Well, if it's about to stop, it's mighty slow.
Both bullets, A and B in my example, are decelerating due to non-inertial forces, but bullet B however is maintaining a higher velocity in the last couple of inches or so of its path making it capable of greater disruption to tissue or organ located there.
 
Actually, in the example given, any tissue or structure in the bullet path somewhat after peak in cavitation of bullet A will be more readily disrupted by bullet B.
 
Until you can cite peer-reviewed research that supports your claim "of better correlation of tensile/shear forces in properly prepared wet pack and tissue overall", your statement is nothing more than wild speculation.

That statement is based on my tests and is not "wild speculation."

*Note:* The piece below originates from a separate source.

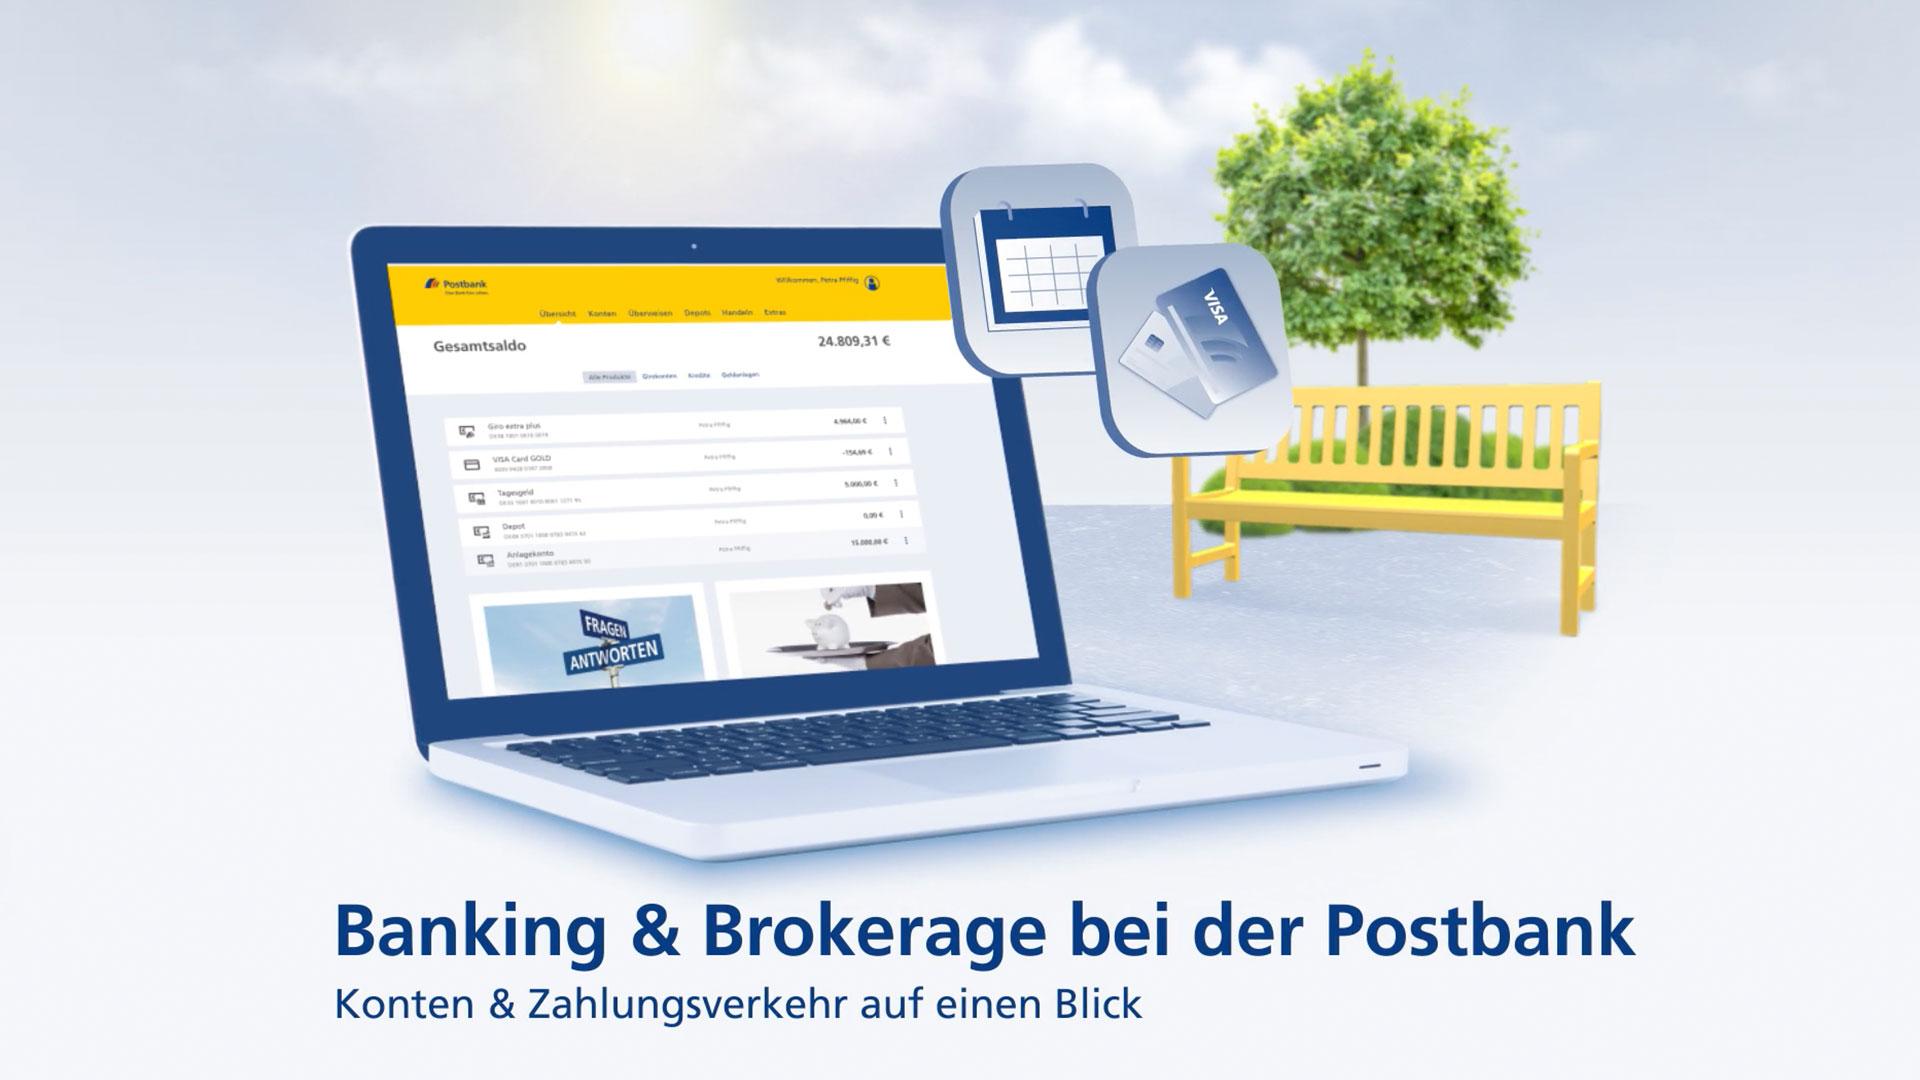 postbank-themenwelten-konten-und-zahlungsverkehr-video-1920x1080.jpg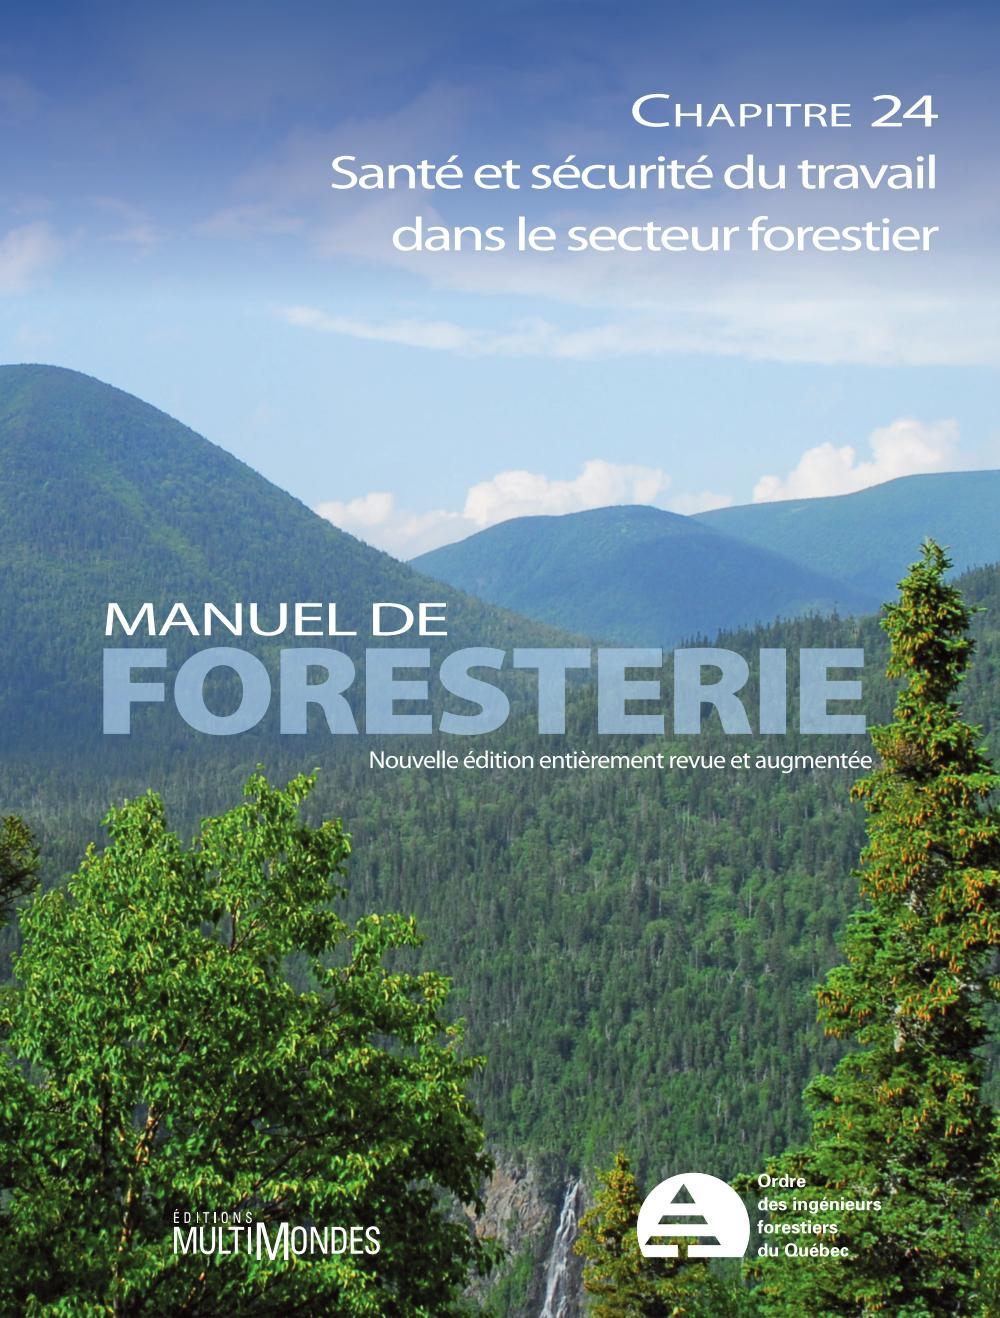 Manuel de foresterie, chapitre 24 – Santé et sécurité du travail dans le secteur forestier

So you are apparently unable to substantiate your position on tests that you claim that you've conducted that prove your claim "of better correlation of tensile/shear forces in properly prepared wet pack and tissue overall" so now you offer the sudden diversion of:
Let's make this very simple to illustrate my point why overall disruption characteristic of a given bullet in gel matters -- and not just "permanent cavity" in gel. One fires two different bullets into same gel; bullet A and bullet B. Both bullets penetrate the same distance, say 12", in gel and both expand to same recovered diameter. Bullets A and B, however, have different "temporary cavity" patterns in the gel; gel disruption is greater initially along the bullet path of bullet A but the disruption outside of "permanent cavity" becomes insignificant several inches after impact. Bullet B causes less gel disruption initially, but maintains more disruption along its bullet path for a longer distance. Conclusion: bullet B is likely more effective since it maintains greater velocity toward the end of its path.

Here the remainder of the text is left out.